On 3/14/10 1:46 PM +0200 Timo Sirainen wrote:
On 14.3.2010, at 5.27, Frank Cusack wrote:
On 3/14/10 4:48 AM +0200 Timo Sirainen wrote:
On 14.3.2010, at 4.40, Frank Cusack wrote:
Just playing devil's advocate since you haven't presented the advantage of async I/O. I don't want to guess at the reasoning, but e.g. I hope you're not planning to return success results before I/O actually completes.
The idea was that a single process could handle tons of connections.
And what's the advantage of that? process-per-client already scales really well, at the expense of more memory. In both Linux and Solaris, the cost of a process context switch is nearly the same as a thread context switch. I don't know about *BSD but I imagine it's similar.
Well, you just mentioned the benefits :) Less memory usage, less context switches (of any kind). (You aren't assuming I'd do something like one thread per connection, right? That's not going to happen.)
But as I stated, dovecot is likely to be I/O limited, not CPU or memory limited. Who cares if there is 10% less memory usage when the limit is still I/O? Feel free to trout-slap me (to borrow from Stan) if you expect dovecot to be memory limited.

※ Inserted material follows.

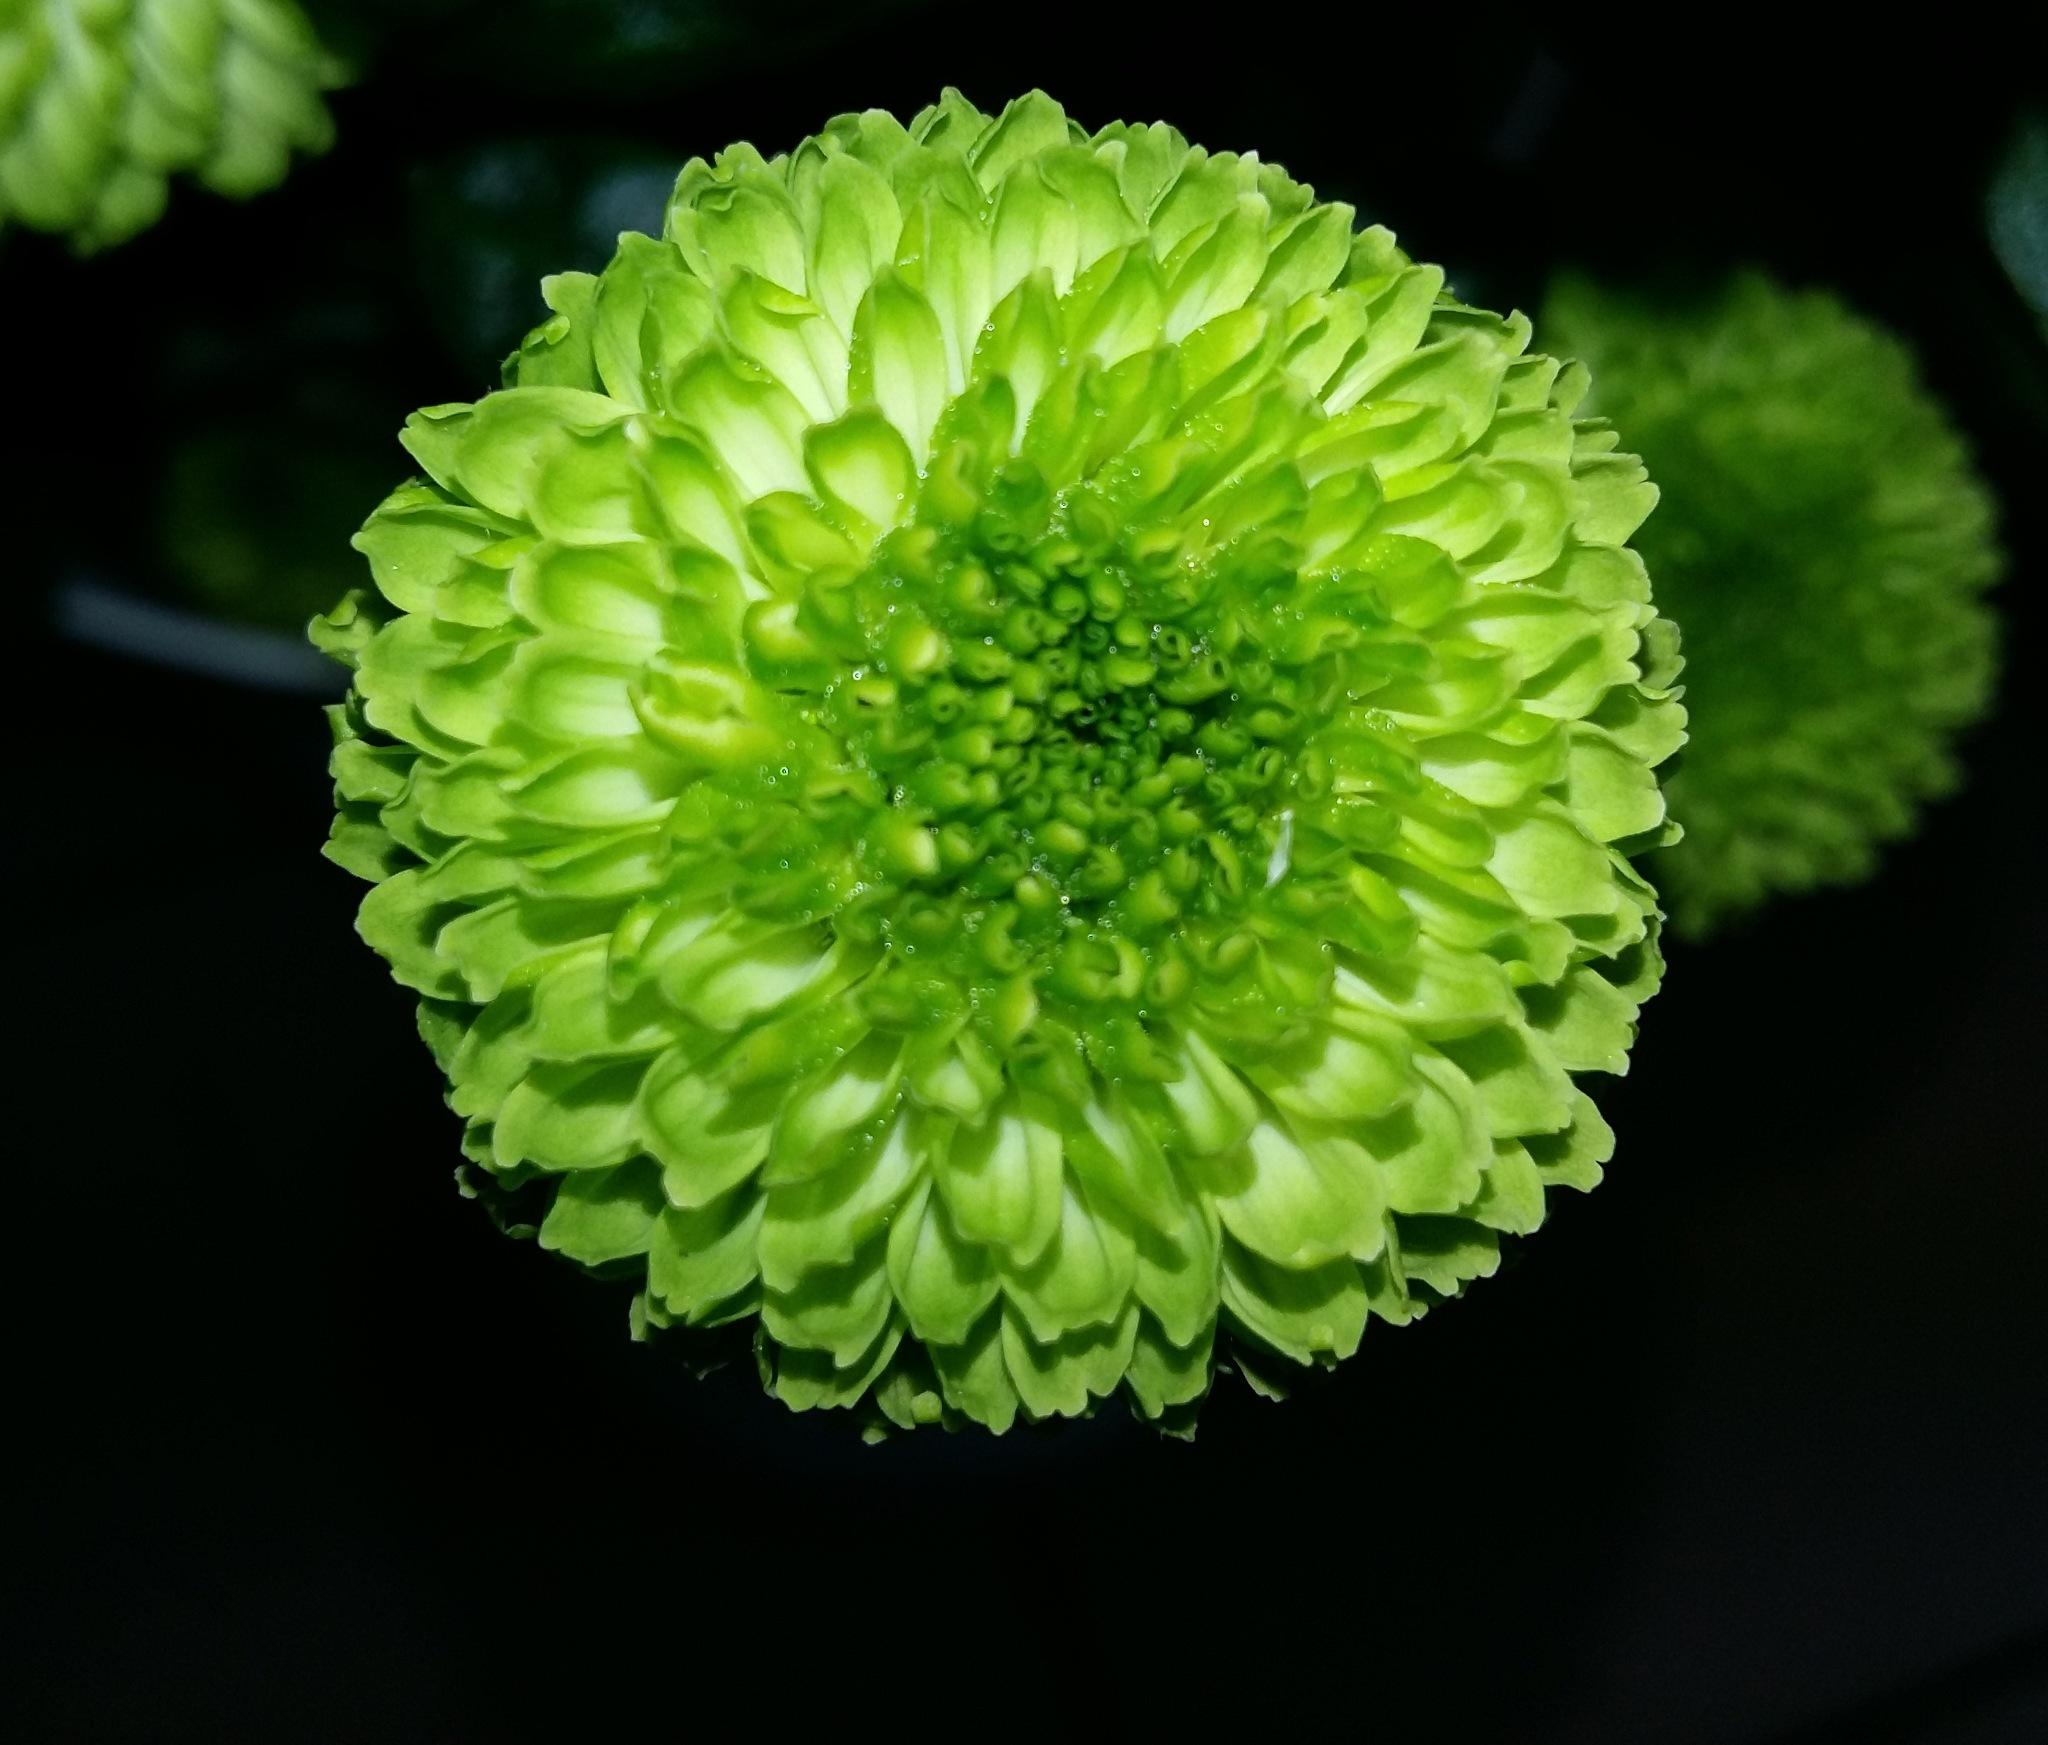 Green flower by uzkuraitiene62

That's kind of the point. You could have just a few IMAP processes where each can handle hundreds of connections. Currently that's not a very good idea, because a single connection that waits on disk I/O blocks all the other connections in the same process from doing anything.

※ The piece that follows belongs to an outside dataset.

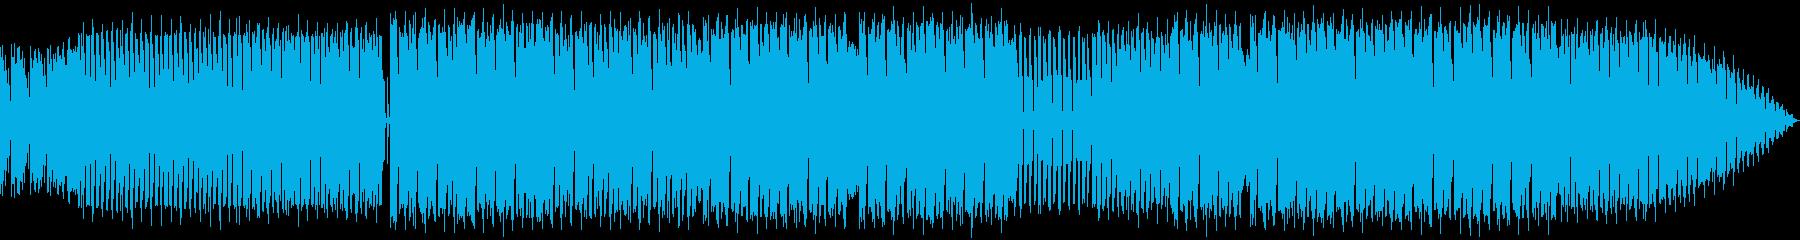 トラップ ヒップホップ 厳Sol ...の再生済みの波形

Or you could have a whole bunch of IMAP processes, one per connection. All you're doing is multiplexing the I/O at a different part of your system. Each connection doesn't share any state or other data with other "related" connections so it doesn't matter how you multiplex the I/O, since any imagined efficiency from AIO/threads isn't going to be realized due to I/O saturation before CPU saturation.
Kernel can only parallelize requests from different processes.
Right, but again so what? Since each connection is a different process, all I/O is parallelized in dovecot's case. It works well because connections aren't related to each other.